Data block:
────────────────────────────────────────
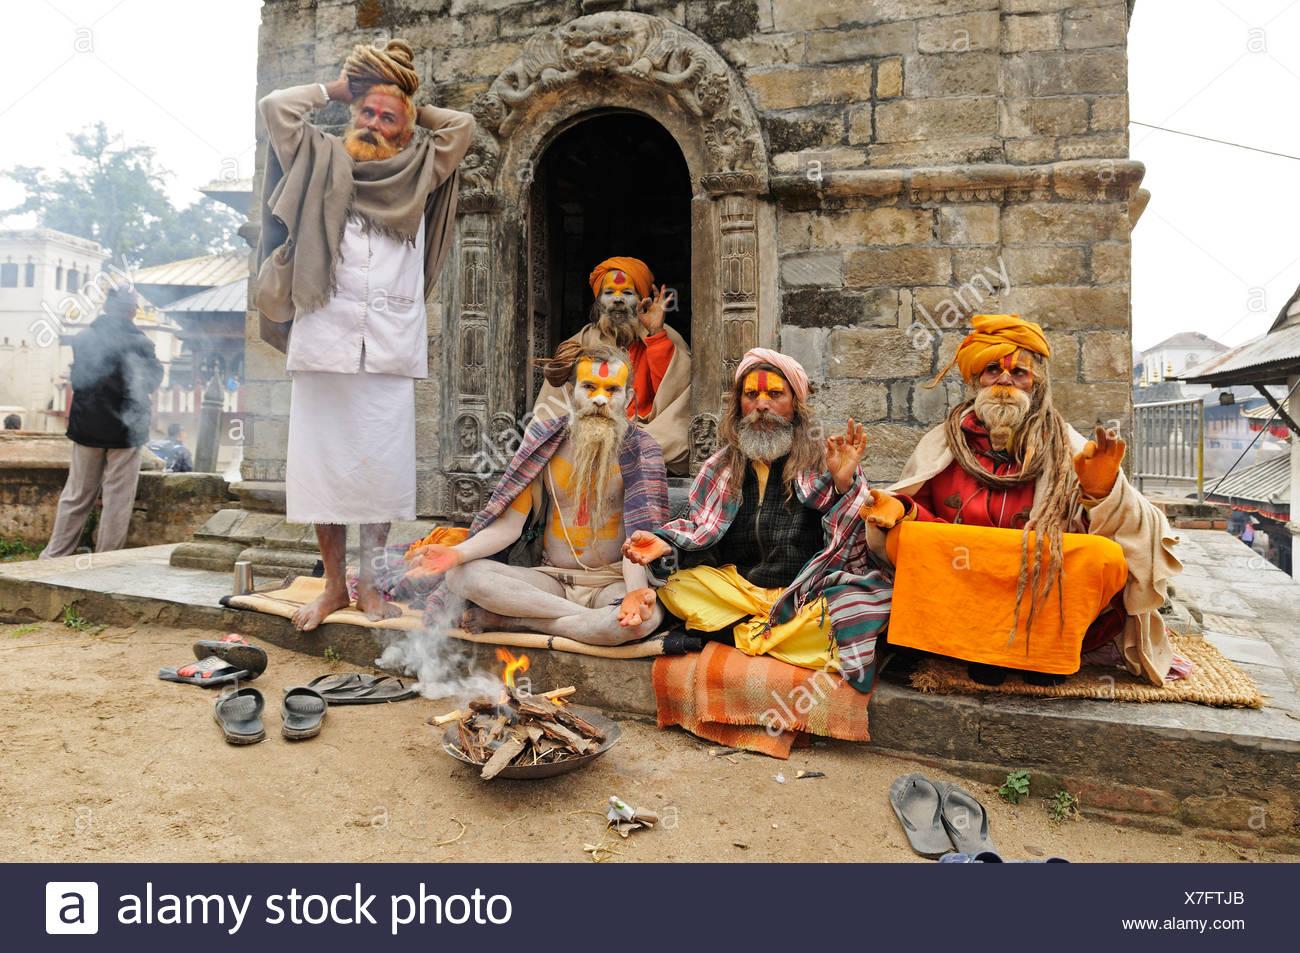 Sadhus in Pashupatinath, Kathmandu, Kathmandu Valley, Nepal, Asia - Stock Image
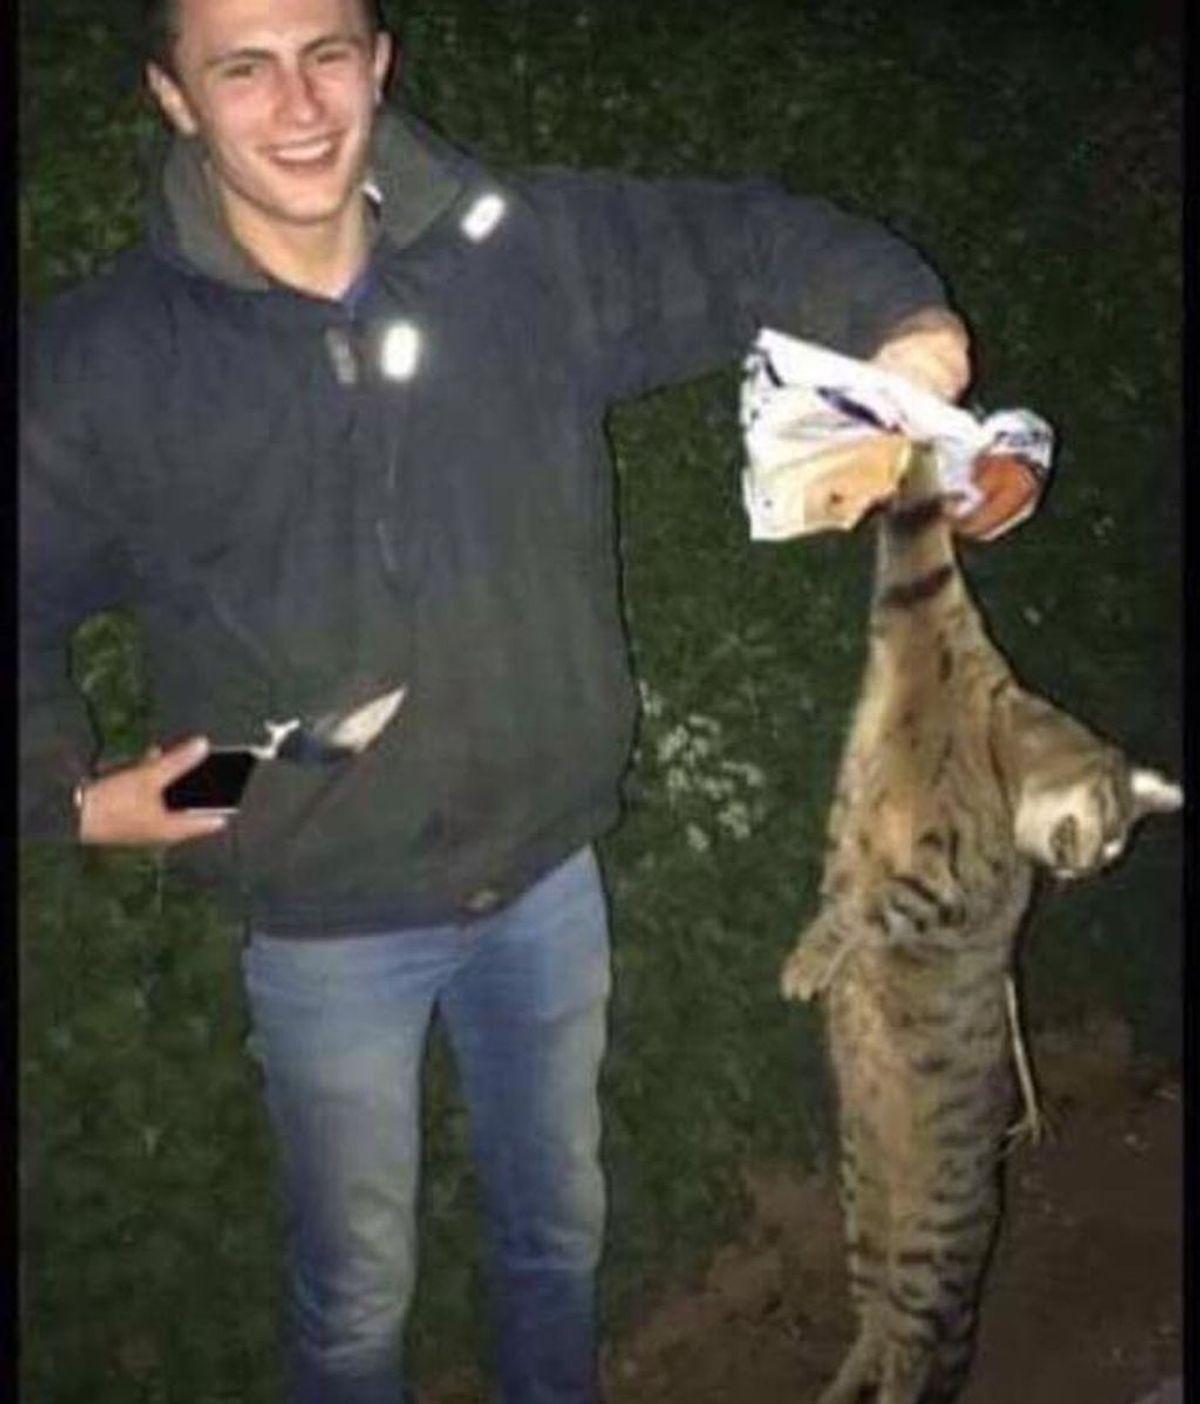 Suben a Snapchat como torturan y matan a un zorro, y al gato de un profesor
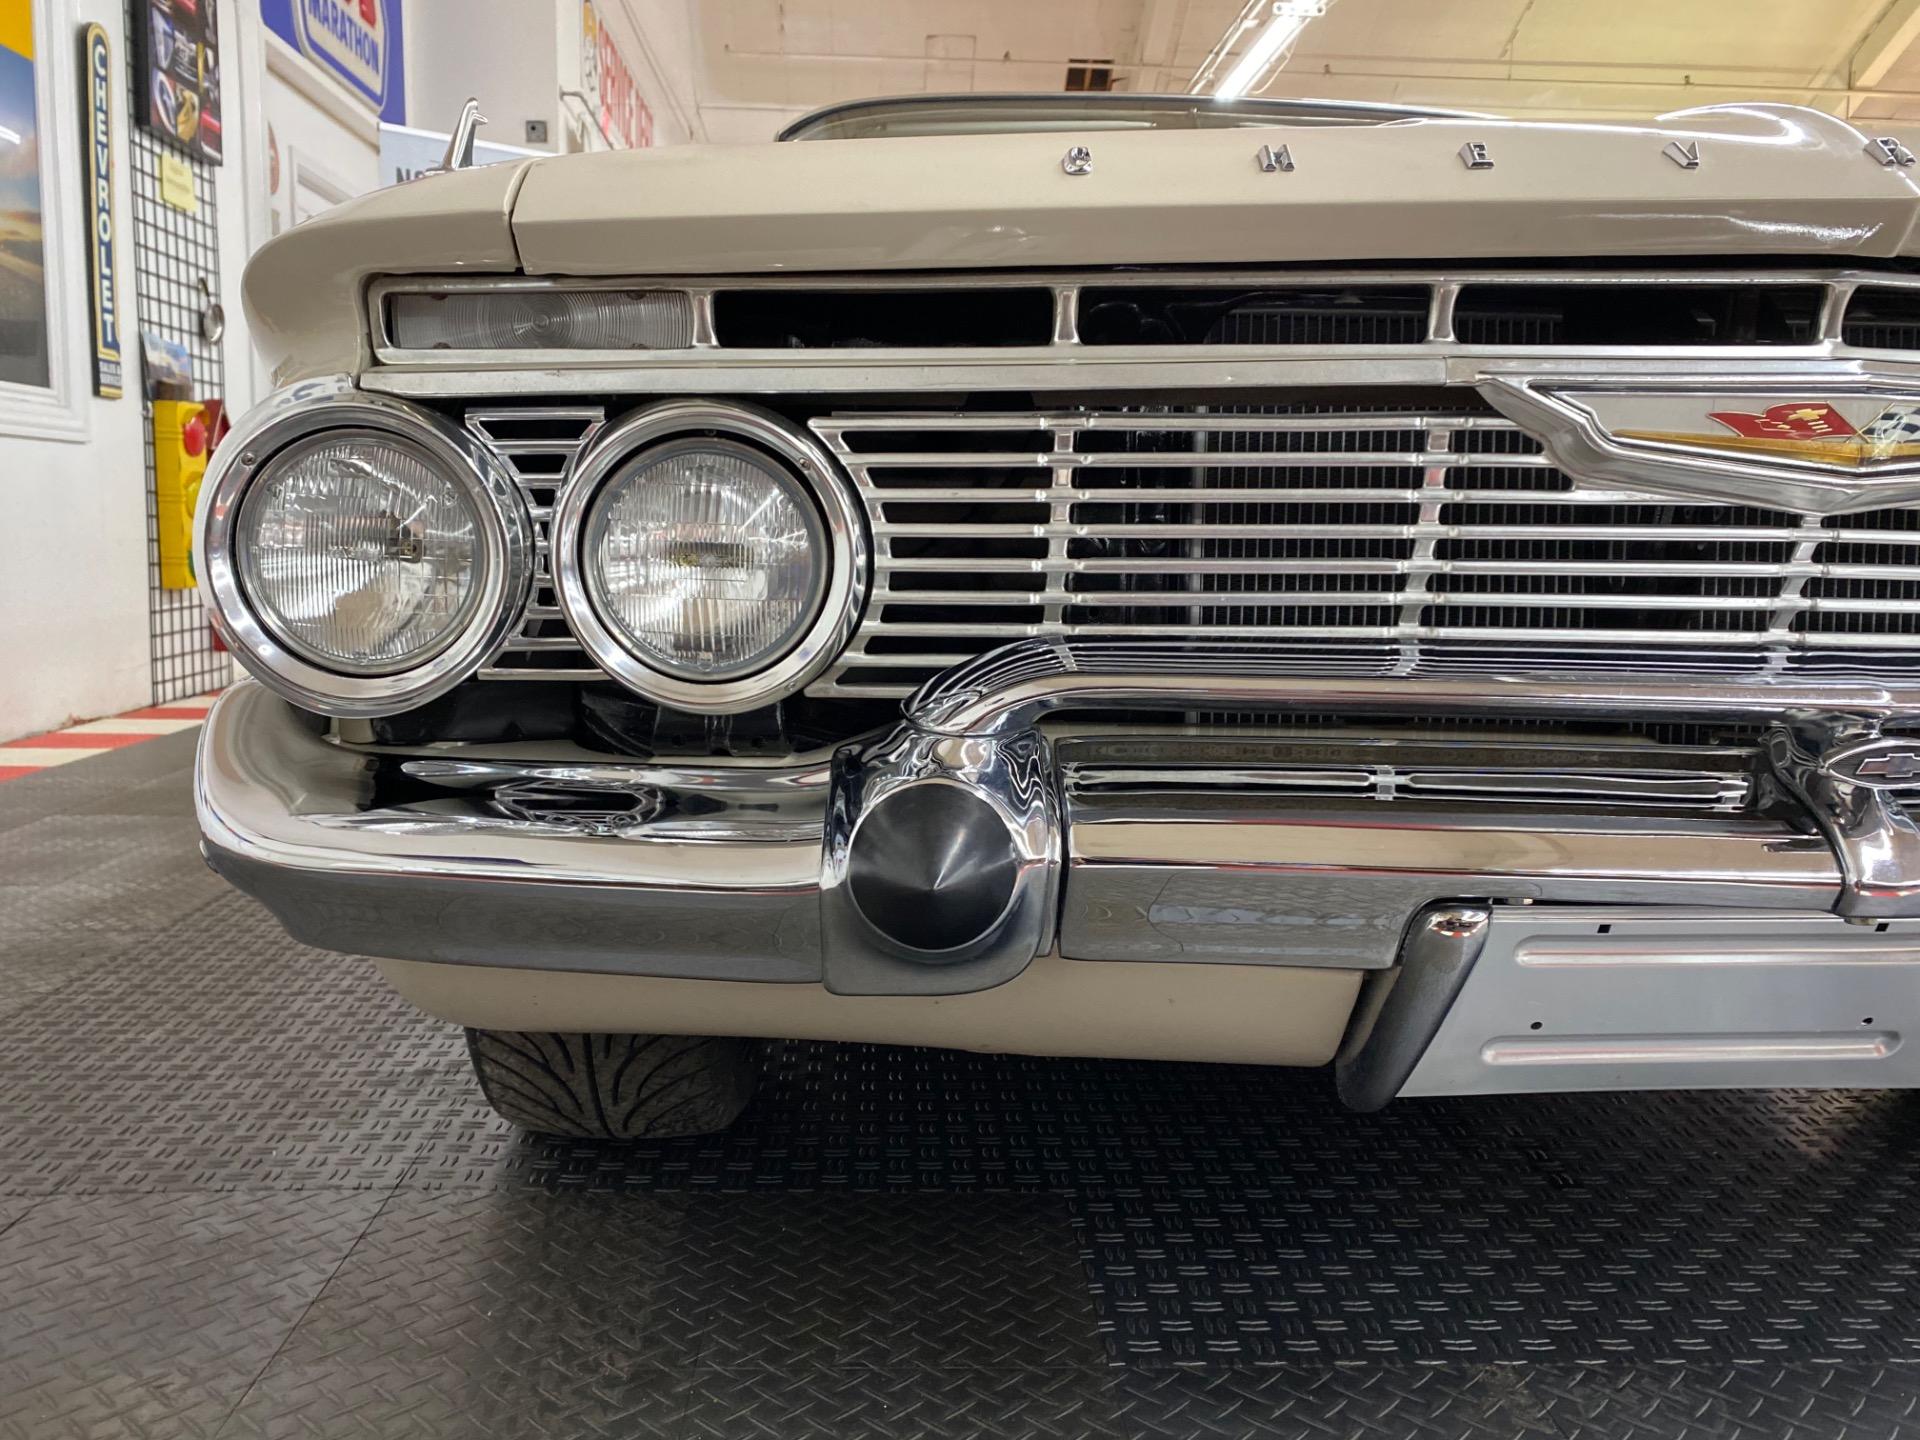 Used 1961 Chevrolet Impala - BUBBLE TOP RESTO MOD - 383 STROKER - SEE VIDEO | Mundelein, IL
────────────────────────────────────────
Exercise description:
Set out the material once more, exact in every line, with no images.

Task result:
 Sadhus in Pashupatinath, Kathmandu, Kathmandu Valley, Nepal, Asia - Stock Image
 Suben a Snapchat como torturan y matan a un zorro, y al gato de un profesor
 Used 1961 Chevrolet Impala - BUBBLE TOP RESTO MOD - 383 STROKER - SEE VIDEO | Mundelein, IL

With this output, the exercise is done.